Additional symptoms not included in the ACR criteria but often described by patients include malaise, fever, alopecia, myalgias, weight loss, and Raynaud phenomenon.

DISEASE COURSE AND PROGNOSIS

SLE is a chronic disease with an often unpredictable remitting and relapsing course. In general, lupus that presents during childhood is more likely to have renal involvement, more severe onset, and require more aggressive therapy as compared to adult onset SLE.² After the first 1 to 2 years of disease, new organs tend not to be involved, with the exception of the central nervous system.

The long-term prognosis is primarily related to renal disease and central nervous system involvement, which are the main causes of morbidity. Risk factors for poor renal outcome include hypertension, impaired renal function at diagnosis, and specific renal biopsy findings such as diffuse proliferative lupus nephritis.^3,4

The 2-year mortality of SLE approached 100% in the early 1960s. With the use of immunosuppressive treatments and improved management of chronic renal failure, the 20-year survival rate is now >75%.⁵ These increased survival rates are accompanied by greater morbidity related to medication side effects and development of comorbid conditions. Children with lupus are at increased risk for accelerated atherosclerosis, cerebrovascular accident, and myocardial infarction as they age. Risk factors for cardiovascular disease include prolonged use of steroids, coronary vasculitis, obesity, hypertension, lupus nephritis, hyperlipidemia, lupus anticoagulant, and family history of cardiac disease.
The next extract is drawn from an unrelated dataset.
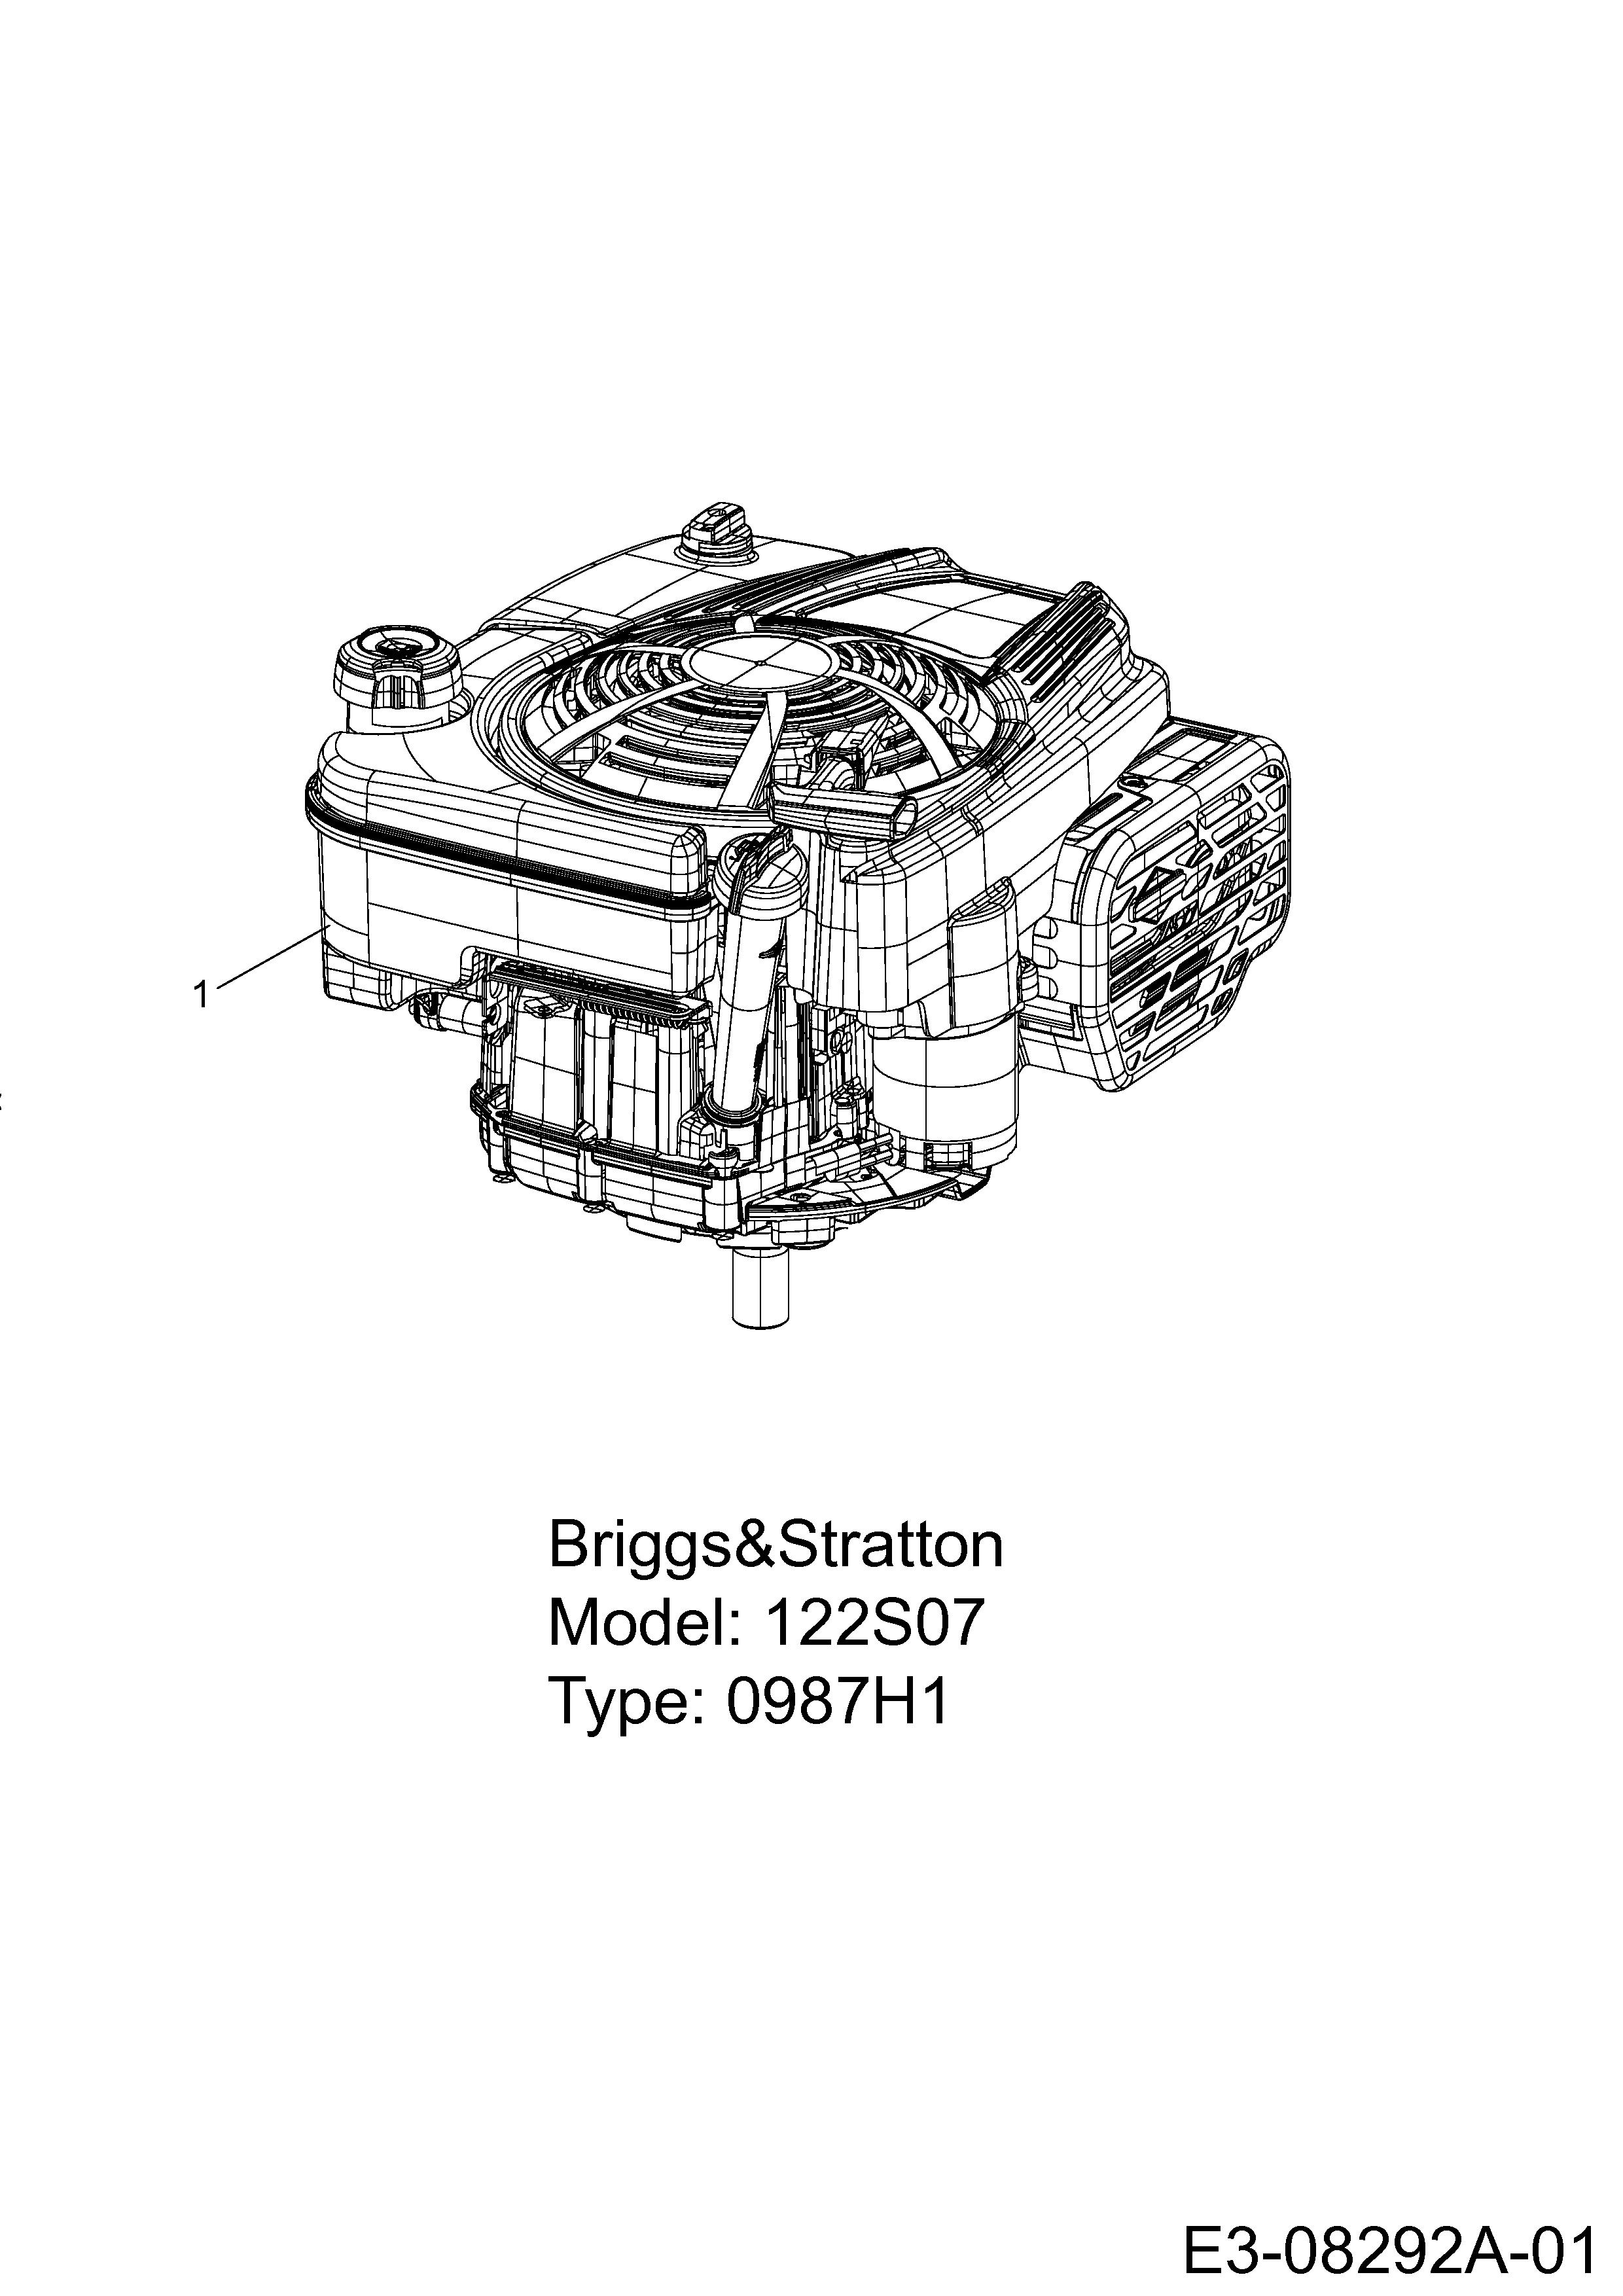 wolf garten scooter mini motor briggs stratton. Black Bedroom Furniture Sets. Home Design Ideas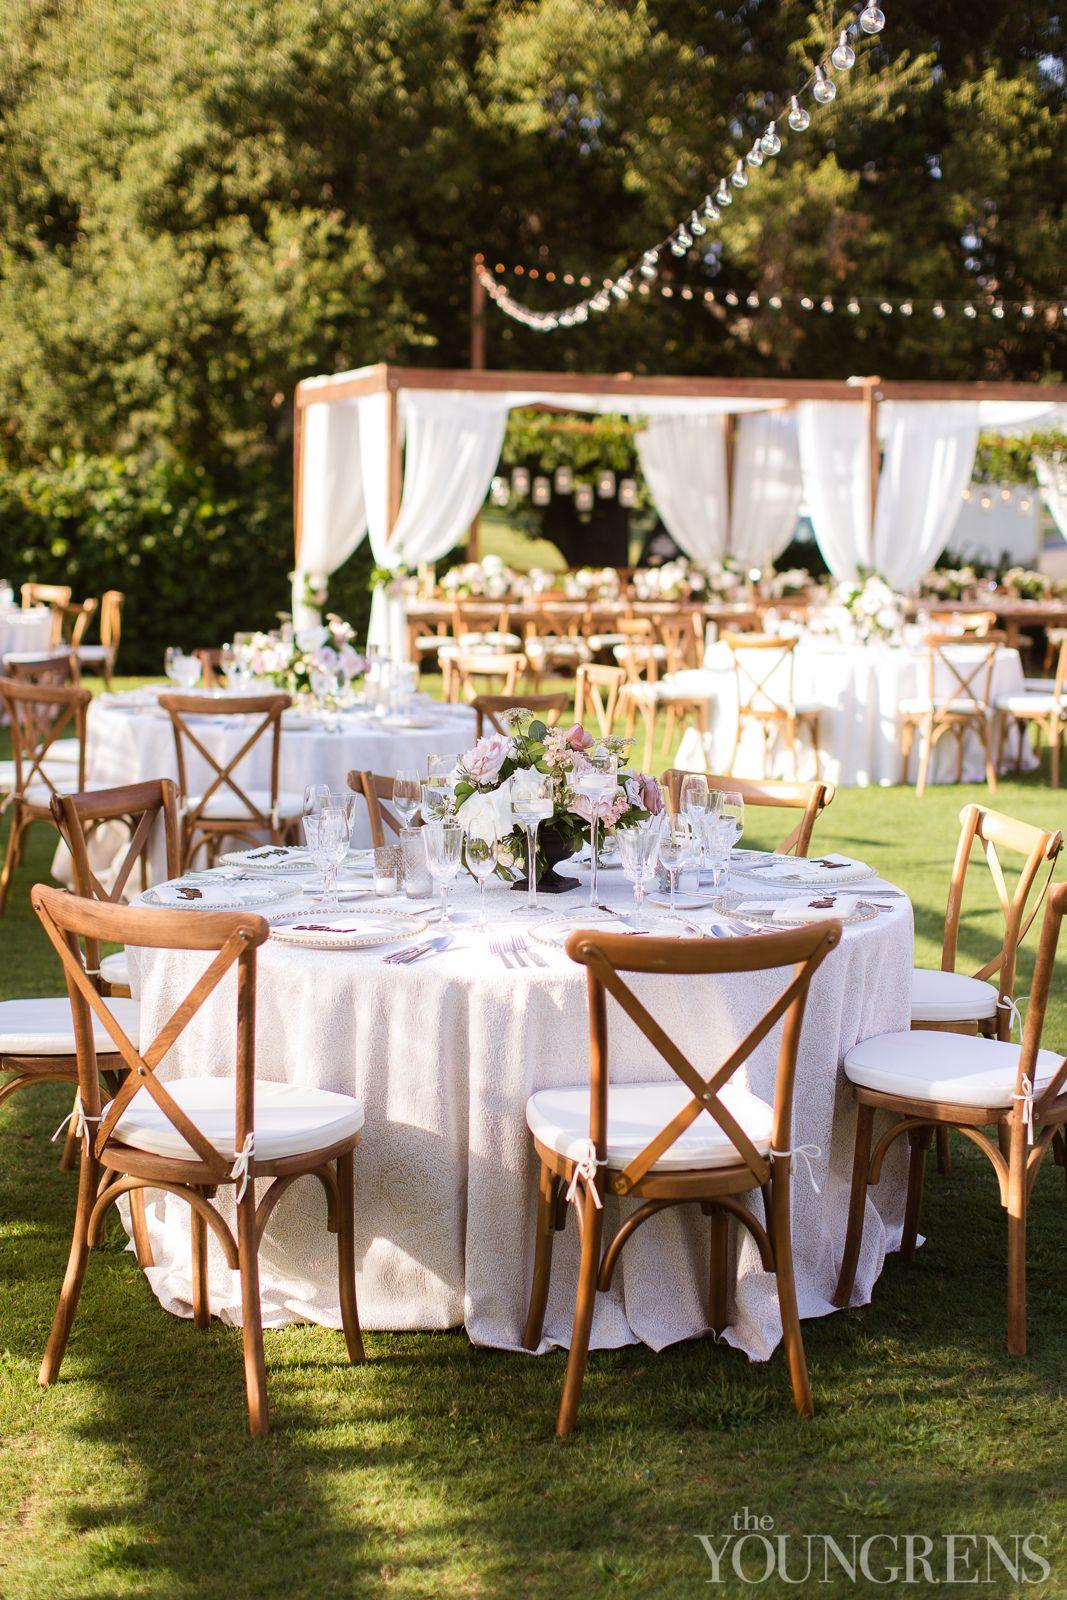 Farm Tables And More San Diego Table Rentals San Diego Wedding Garden Wedding Reception Decorations Garden Wedding Reception Wedding Reception Decorations

Overwhelming infection is the most frequent cause of mortality among children with SLE, and those with active disease are at the greatest risk of developing an infection. Children with SLE are immunocompromised by the disease itself (i.e. neutropenia, lymphopenia, hypocomplementemia, functional asplenia) as well as by immunosuppressive medications used to treat the disease. These medications may also mask fever and other signs of infection, complicating the ability to distinguish between lupus flares and acute infection. Other major causes of mortality include renal failure, central nervous system disease, pulmonary hemorrhage, and myocardial infarction.

NEONATAL LUPUS

Neonatal lupus is a distinct, uncommon condition found in infants born to mothers with anti-SSA/Ro and/or anti-SSB/La antibodies. The mothers may or may not have other evidence of systemic autoimmune disease; many are asymptomatic. Transplacental passage of these autoantibodies can cause a range of symptoms in the infant including rash, congenital heart block, anemia or thrombocytopenia, and hepatitis. Congenital heart block is the most worrisome feature and can be detected as early as the second trimester (Figure 153-2). Congenital heart block associated with neonatal lupus is thought to occur when transplacental passage of maternal autoantibodies to the intracellular ribonucleoproteins Ro (SS-A) and La (SS-B) cross the placenta and injure the previously normal fetal heart. Even when detected early in pregnancy, studies have not shown benefit with immunosuppressive treatment. Complete heart block is not reversible and requires placement of a pacemaker after birth. These infants are also at risk of subsequent cardiomyopathy. In contrast, the other clinical manifestations generally resolve over several months as the maternal antibodies are cleared.